This model has 4 variables, viz. cylinders, horsepower, weight, transmission. The R-squared value (0.8659) confirms that this model explains about 87% of the variance in MPG. The p-values also are significant because they have a p-value < 0.05. The coefficients conclude that increasing the number of cylinders from 4 to 6 will decrease the MPG by 3.03.

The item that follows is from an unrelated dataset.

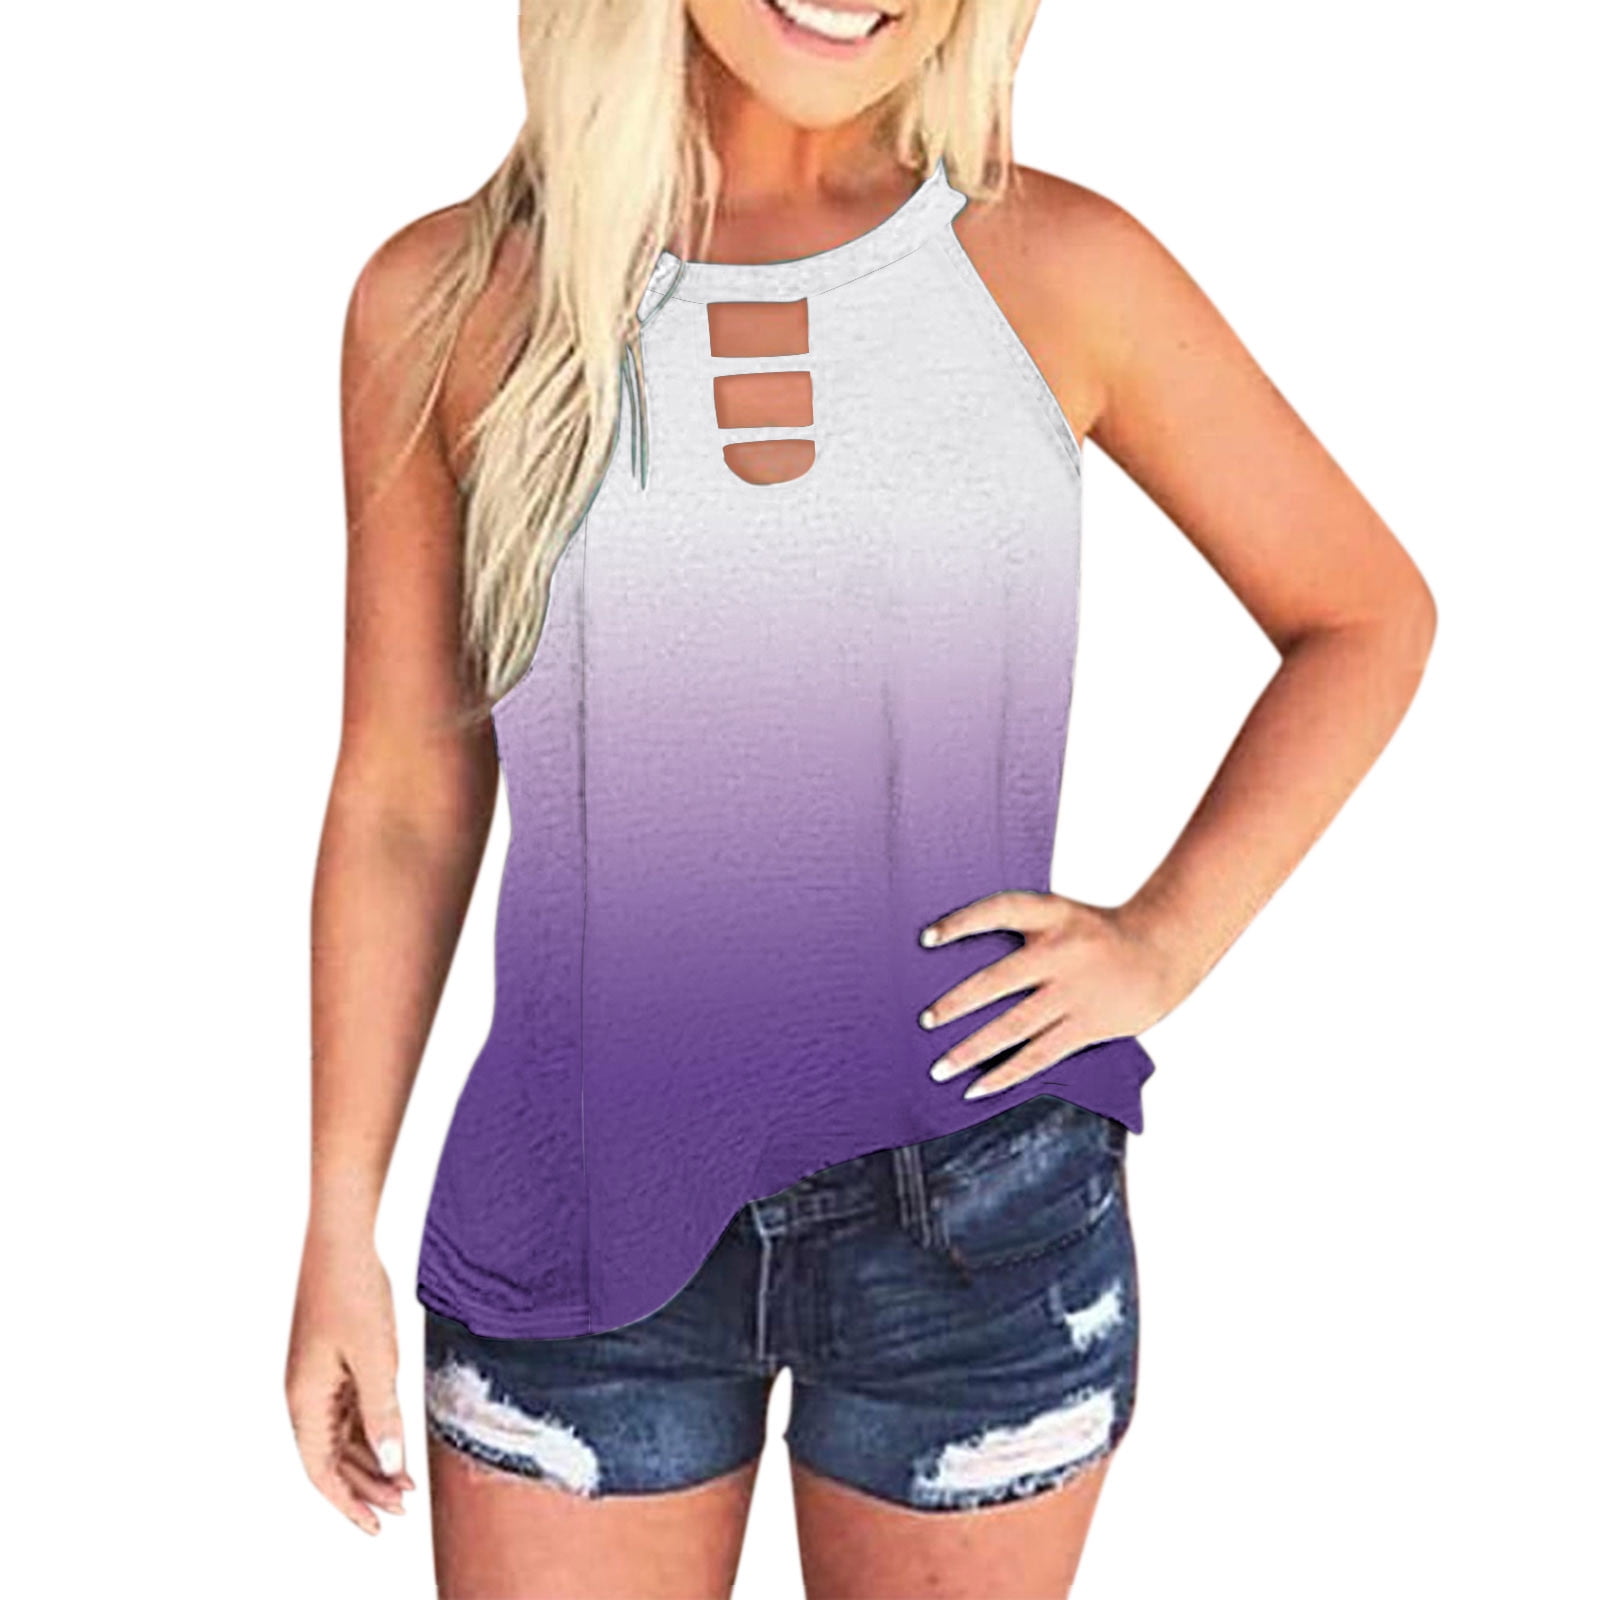 Lmtime Musical Notes Print Tank Tops Ladies Bandage Sleeveless Vest Top Strappy Blouse

Furthermore, increasing the cylinders to 8 will decrease the MPG by 2.16. Increasing the horsepower will decrease MPG by 3.21 for every 100HP. Increasing weight will decrease MPG by 2.5 for every 1000 lbs. Manual transmission will improve the MPG by 1.81.

Residual Plots

Reference Appendix Fig. 2

The following inferences can be drawn from the plots:

  1. The points of the Residuals vs. Fitted plot are random, supporting the assumption of independence.
  2. Most points of the Normal Q-Q plot lie on or very close to the line, concluding that the residuals are normally distributed.
  3. The random points of the Scale-Location plot show that the variance is constant.
  4. The Residuals vs. Leverage plot confirms that there are no outliers, since all the points are within the 0.05.
sum((abs(dfbetas(stepf)))>1)
## [1] 0

Thus, the analysis proves the assumptions and meets the requirements.

Conclusion

Manual transmission gives a slight boost to MPG. However, the variables weight, horsepower and number of cylinders are more significant when determining the MPG.

Appendix

Fig. 1

  boxplot(mpg ~ am, 
          xlab="Transmission Type (0 = Automatic, 1 = Manual)", 
          ylab="MPG",
          main="MPG by Transmission Type")

Fig. 2

par(mfrow = c(2, 2))
plot(stepf)